If you want a microbenchmark: lseek+read(,,8192) is around 10% slower
than pread(,,,8192) with hot cpu caches on my Celeron Mobile Laptop.
Linux-2.4.20.

Read-ahead is impossible to answer without looking at the sources. Linux
does readahead, actually read is implemented as pread(,,,file->f_pos).

--
    Manfred

Re: performance: use pread instead of lseek+read

From

Tom Lane

Date:

24 February 2003, 21:57:50

Manfred Spraul <manfred@colorfullife.com> writes:
> Tom Lane wrote:
>> It seems unlikely to me that eliminating lseek on some platforms would
>> be worth the hassle of maintaining two code paths.  lseek is mighty
>> cheap as system calls go.
>>
> It was considered expensive enough to write a syscall avoidance layer
> that caches the file pointer and skips lseek if fpos==offset.
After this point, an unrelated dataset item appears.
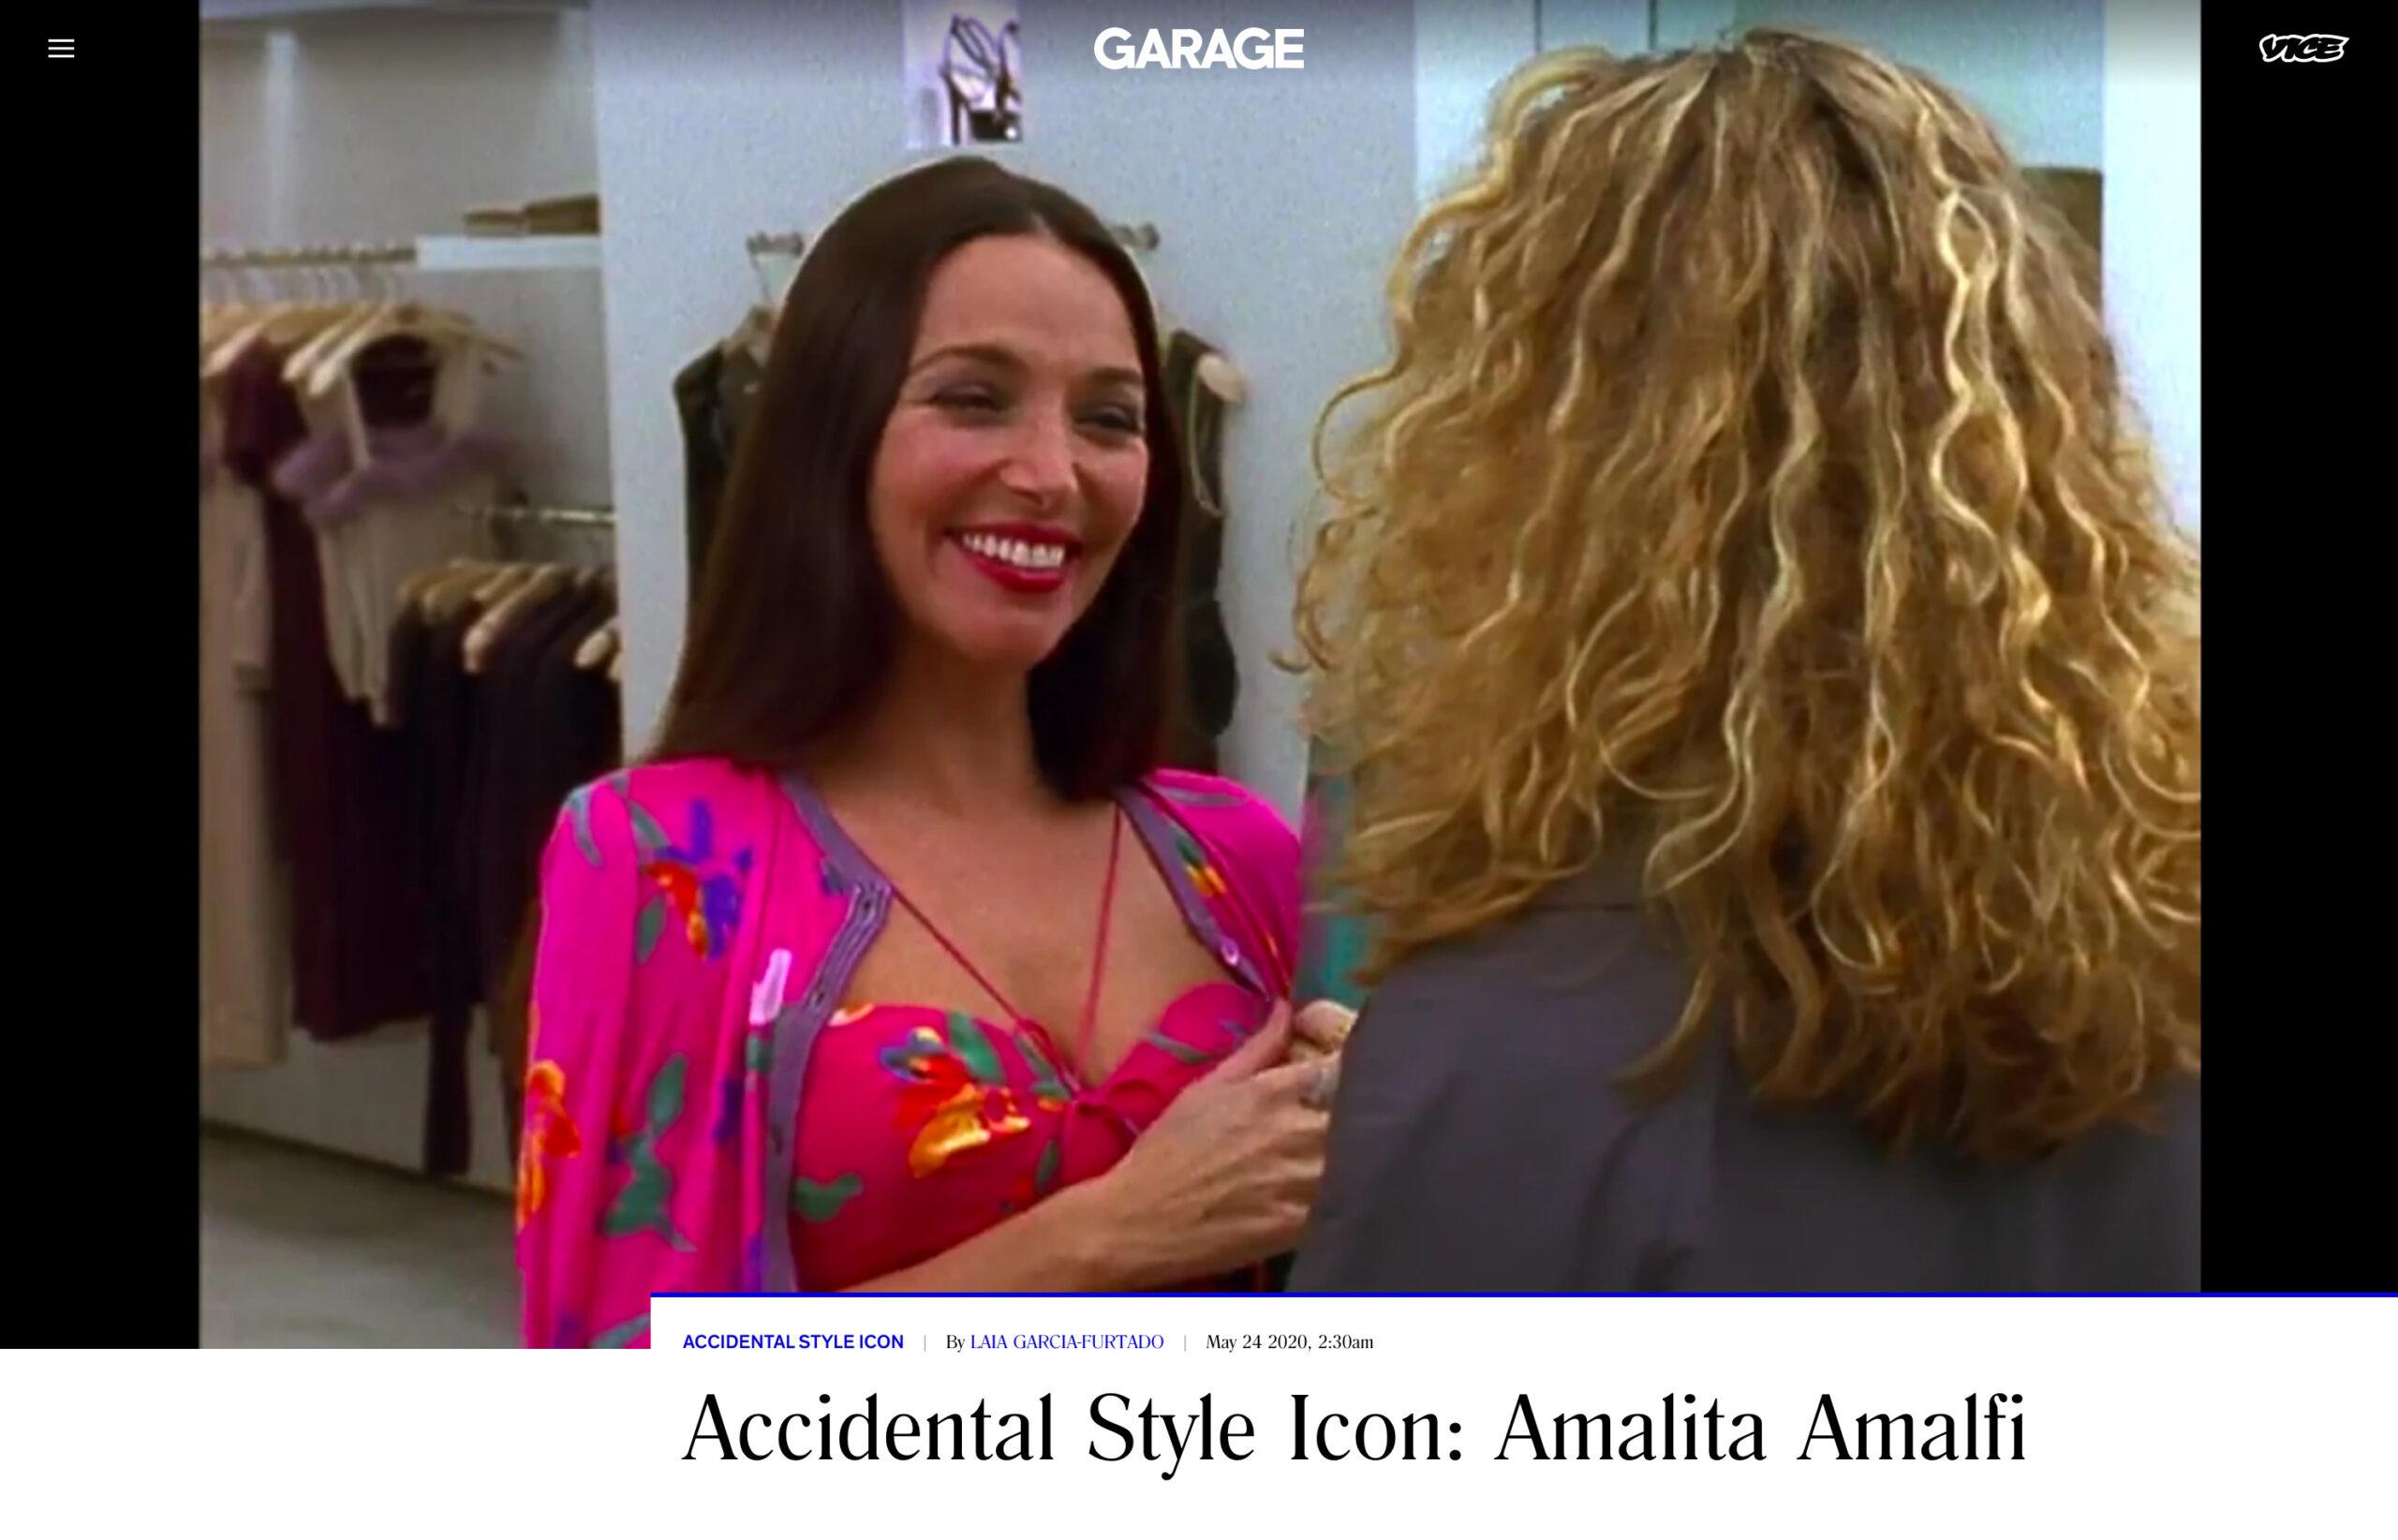 Carole Davis - Garage Magazine VICE Accidental Style Icon: Amalita Amalfi

You're missing the point: that layer is mostly there to ensure that we
don't foul up the kernel's readahead recognition for sequential fetches.
It's nice that Linux doesn't care, but Linux is not the only platform
we worry about.

            regards, tom lane

Re: performance: use pread instead of lseek+read

From

Manfred Spraul

Date:

25 February 2003, 05:09:03

Tom Lane wrote:

>Manfred Spraul <manfred@colorfullife.com> writes:
>
>
>>Tom Lane wrote:
>>
>>
>>>It seems unlikely to me that eliminating lseek on some platforms would
>>>be worth the hassle of maintaining two code paths.  lseek is mighty
>>>cheap as system calls go.
>>>
>>>
>>>
>>It was considered expensive enough to write a syscall avoidance layer
>>that caches the file pointer and skips lseek if fpos==offset.
>>
>>
>
>You're missing the point: that layer is mostly there to ensure that we
>don't foul up the kernel's readahead recognition for sequential fetches.
>It's nice that Linux doesn't care, but Linux is not the only platform
>we worry about.
>
>
Do you know that empty lseeks foul up readahead recognition on some OS?
If yes, which OS? I've checked FreeBSD and Linux, they don't do it.
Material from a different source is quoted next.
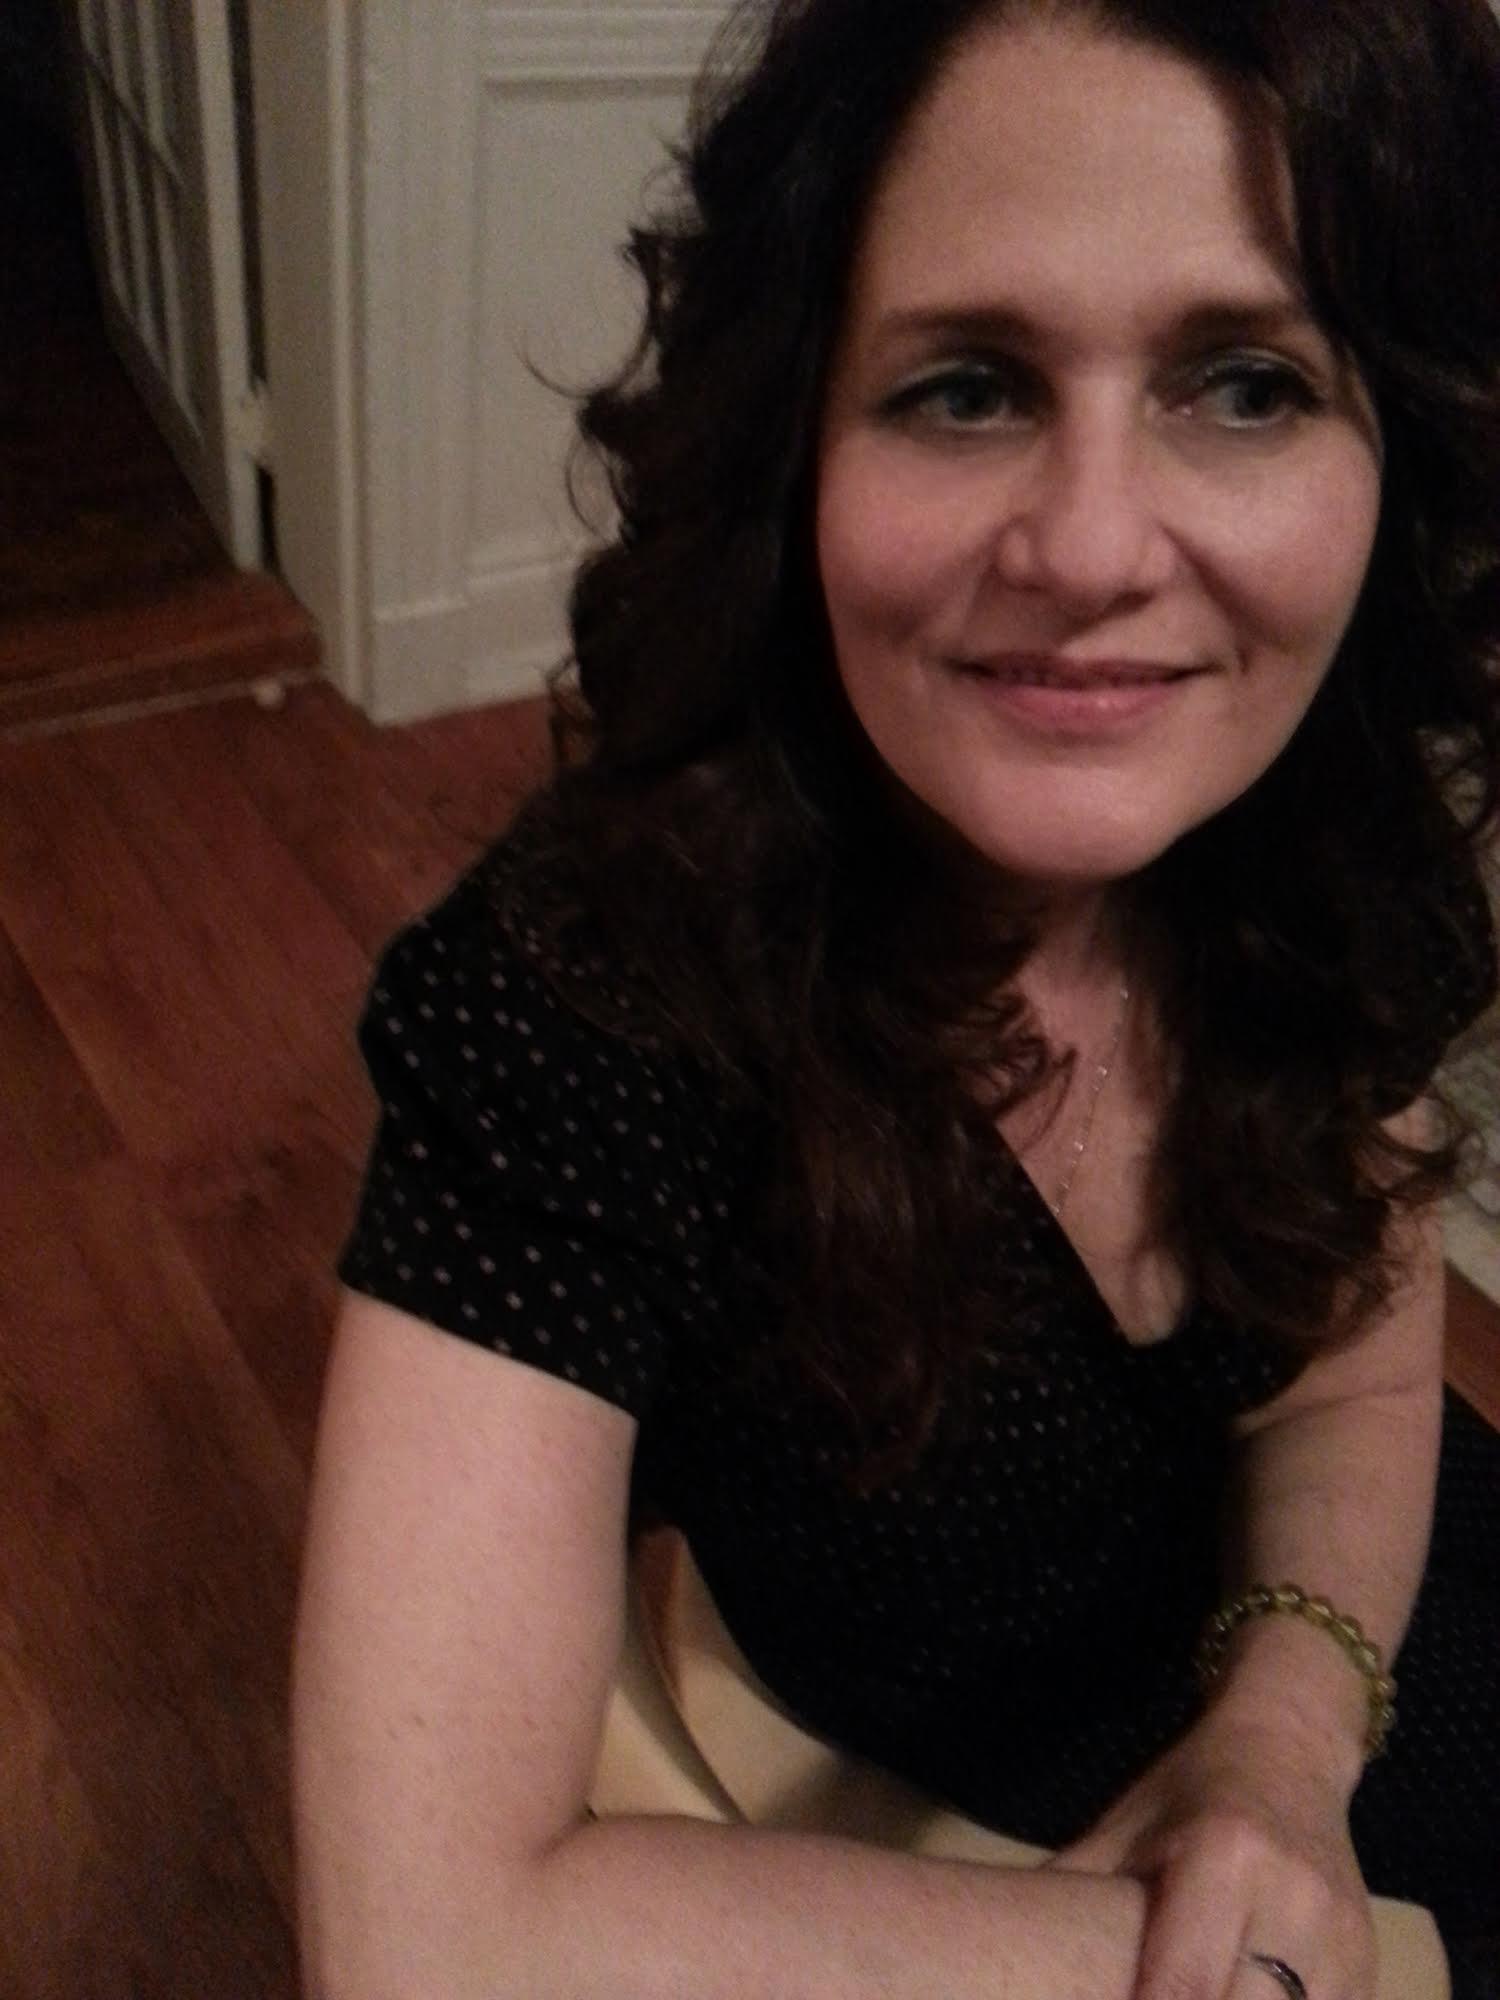 2016 ISA Fellow Rachel Liebling

Actually I would be really surprised if pread would cause readahead
problems - for example samba uses it if possible.

What about my other questions:
- which benchmark would be interesting?
- which OS did you use when you got 'no manpage for pread'?

--
    Manfred

Re: performance: use pread instead of lseek+read

From

Tom Lane

Date:

25 February 2003, 09:36:20

Manfred Spraul <manfred@colorfullife.com> writes:
> Do you know that empty lseeks foul up readahead recognition on some OS?
> If yes, which OS? I've checked FreeBSD and Linux, they don't do it.

Who knows?  But it would be folly to extrapolate from those two
datapoints to all the platforms we support.

> - which benchmark would be interesting?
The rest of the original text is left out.